MBONE: Multicasting Tomorrow's Internet

Multimedia?!

But back up a second. What do we mean by multimedia? Loosely, multimedia is the blending together of more than one medium -- such as text, graphics, sound, movies, smell-o-vision, whatever -- on your computer. Multimedia has been around for years, of course, through movies and television, but the word multimedia refers almost exclusively to computer technology. For example, thousands of CD-ROMs, computer games, and educational programs offer on-screen text combined with video, music, and narration.

As an extended example of multimedia, consider the Jurassic Park and Back to the Future rides at Disney World. Here, computer technology takes multimedia two steps further. First, it hides the computer from view, and second, it incorporates the sense of touch. You feel these rides as much as you hear or see them. To a lesser degree, three-dimensional games such as Doom accomplish the same goal, although the "touch" in this case tends to be nausea.

The Internet has been home to multimedia -- graphics, animation, and sound files -- for years and years. But because graphics, animation, and sound files are so large, often several megabytes in size, they take a great deal of time (not to mention disk space) to download. For this reason, their availability has been sharply limited for regular users. Let's face it, hearing Bill Clinton's voice welcome you to the White House Web site is mighty cute, but it's hardly worth the four-minute download time with a 14.4 Kbps modem. One possible vision of hell is being forced to listen to the Watergate hearings in their entirety through the World Wide Web and a 14.4 Kbps modem. Or the Lincoln-Douglas debates. Or, God help us, the O. J. trial.

Figure 2
Figure 1-2: The White House Web site

To us, true multimedia means, in part, being able to do all those things that you can already do, but without the interminable waiting. Multimedia is supposed to be an interactive endeavor, but for now Internet multimedia isn't interactive; it's click-and-wait. True multimedia will deliver information fast enough that you won't have time to -- or want to -- go for coffee while that speech is transmitted to your computer.

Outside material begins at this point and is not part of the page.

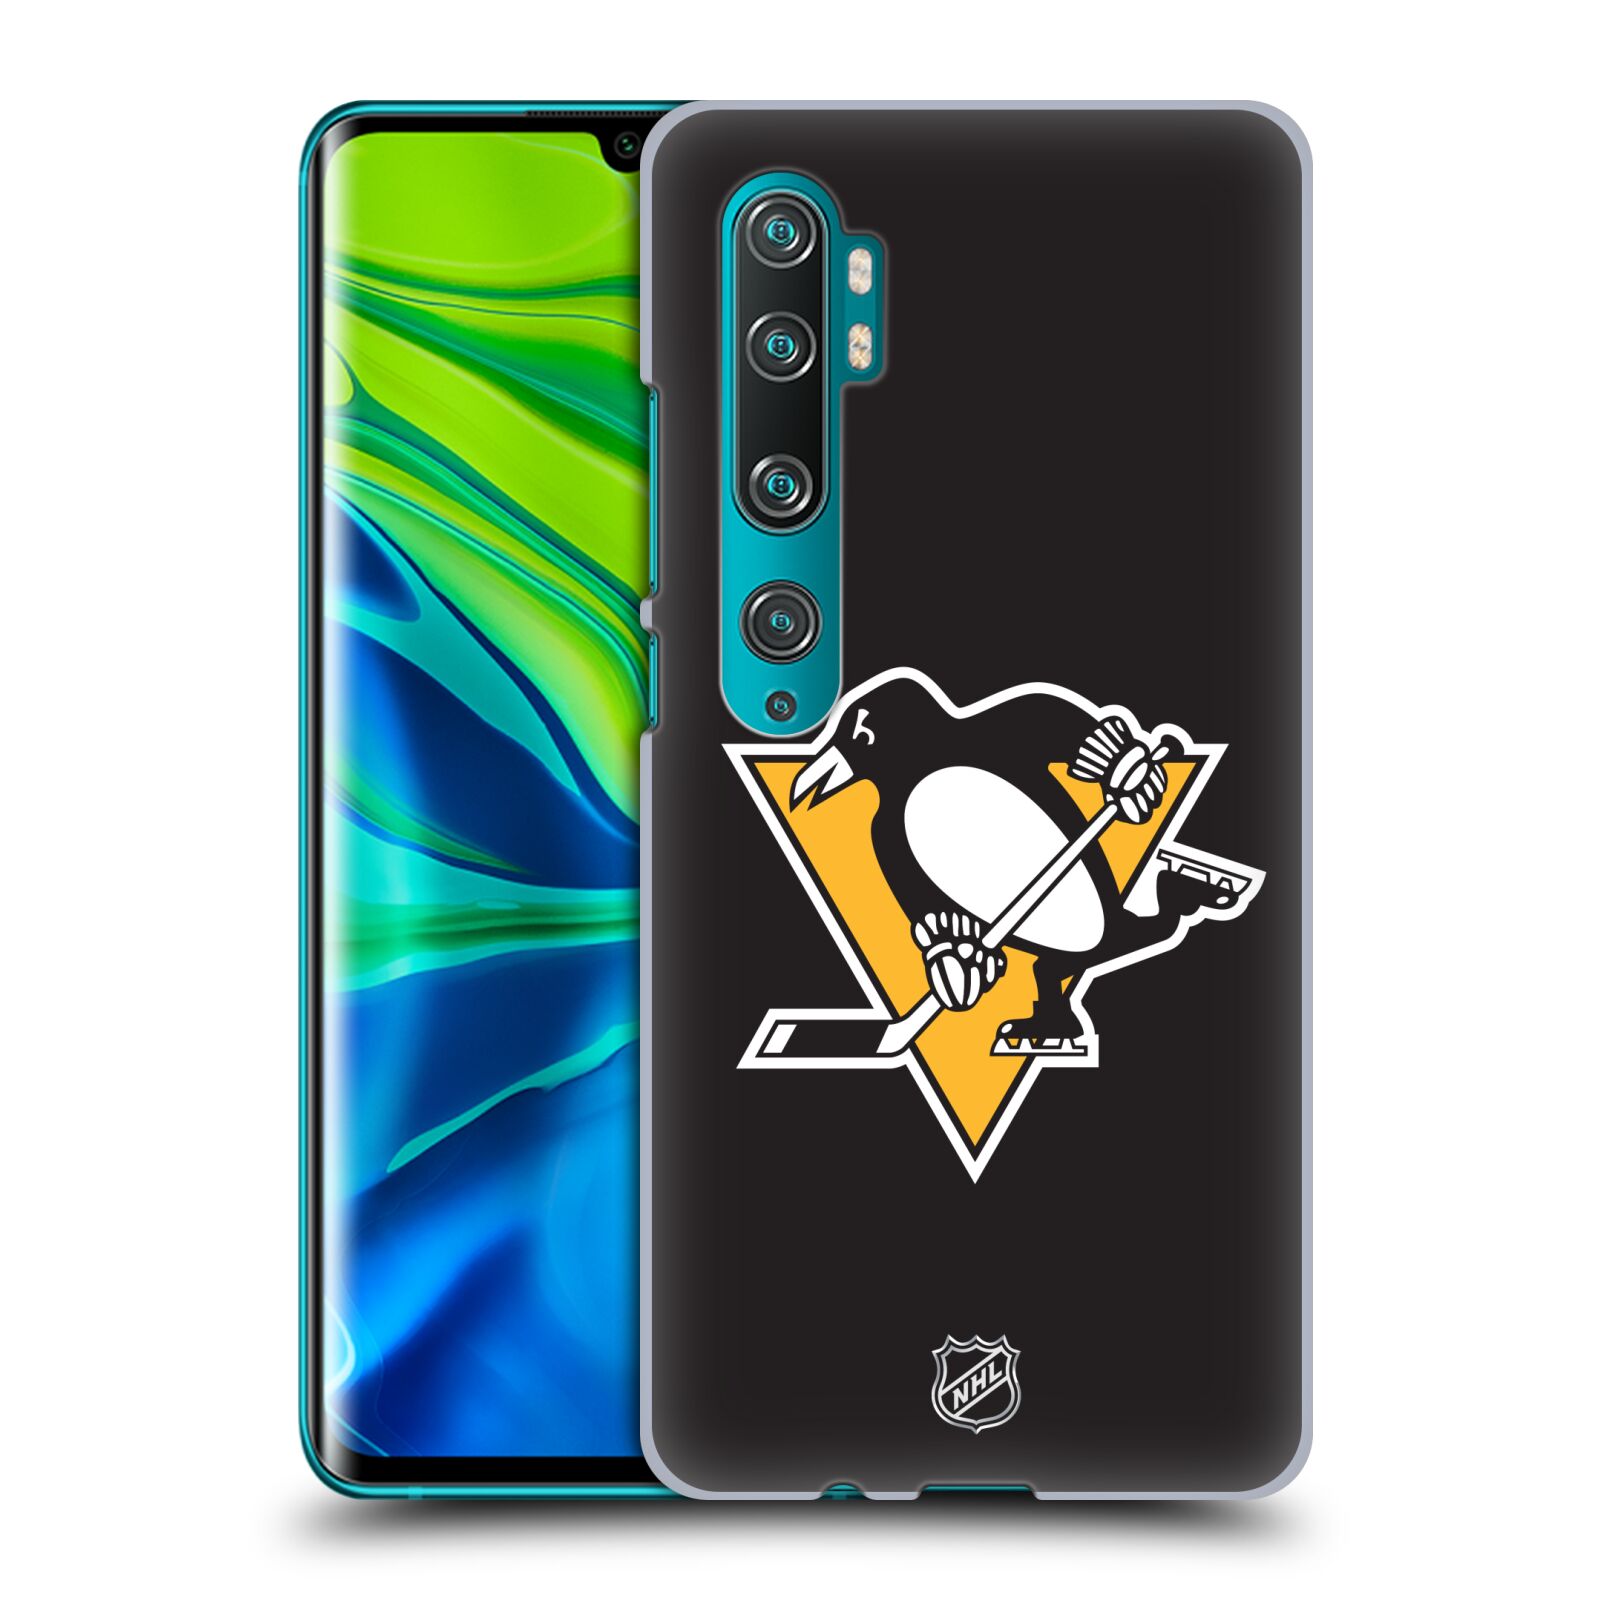 Pouzdro na mobil Xiaomi Mi Note 10 / Mi Note 10 Pro - HEAD CASE - Hokej NHL - Pittsburgh Penguins - černé pozadí znak

The intertwining of multimedia and the Internet (slowly and irrevocably) makes sense. People like multimedia on their computers. It's engaging, entertaining, and often makes otherwise complex computers a little easier to use. Certainly it works: Some multimedia educational CD-ROMs are meant to be enjoyed by children who are barely old enough to walk. The Internet, once an ugly, text-only system, certainly needed some pictures, sound, and point-and-click simplicity to make it understandable to the masses.

Figure 3
Figure 1-3: Multimedia CD-ROMs educate and entertain children and adults.

For example, a few years ago, using the Internet to find the weather forecast meant knowing how to log into a mainframe or minicomputer, remembering how to telnet to a remote computer (undoubtedly one that had an obscure, hard-to-type name), and navigating a series of text-based menus or prompts. You could get the forecast pretty quickly once you got good at the process, but the exercise wasn't for the faint of heart or computer shy.


Figure 1-4: Getting the weather, the old way.

Today, all you need to do to get the weather forecast is launch a World Wide Web browser and click on a "hotlist" item. Voila! You are greeted not with a lengthy description of weather trends but with a pictorial map of the weather situation. This example is only the beginning of how multimedia is changing the Internet. Consumer products and services, such as Mosaic in a Box and America Online, are making the Net still easier for all to enjoy.

Figure 5
Figure 1-5: Getting the weather, the multimedia way.

Most people would agree that the advent of multimedia on the Internet is a change for the better, although longtime users (in Internet parlance, that's anyone who has been online for more than three months) may contend that the Internet's newfound ease of use is making Cyberspace a wee bit crowded for their tastes. Still, multimedia on the Internet is here to stay.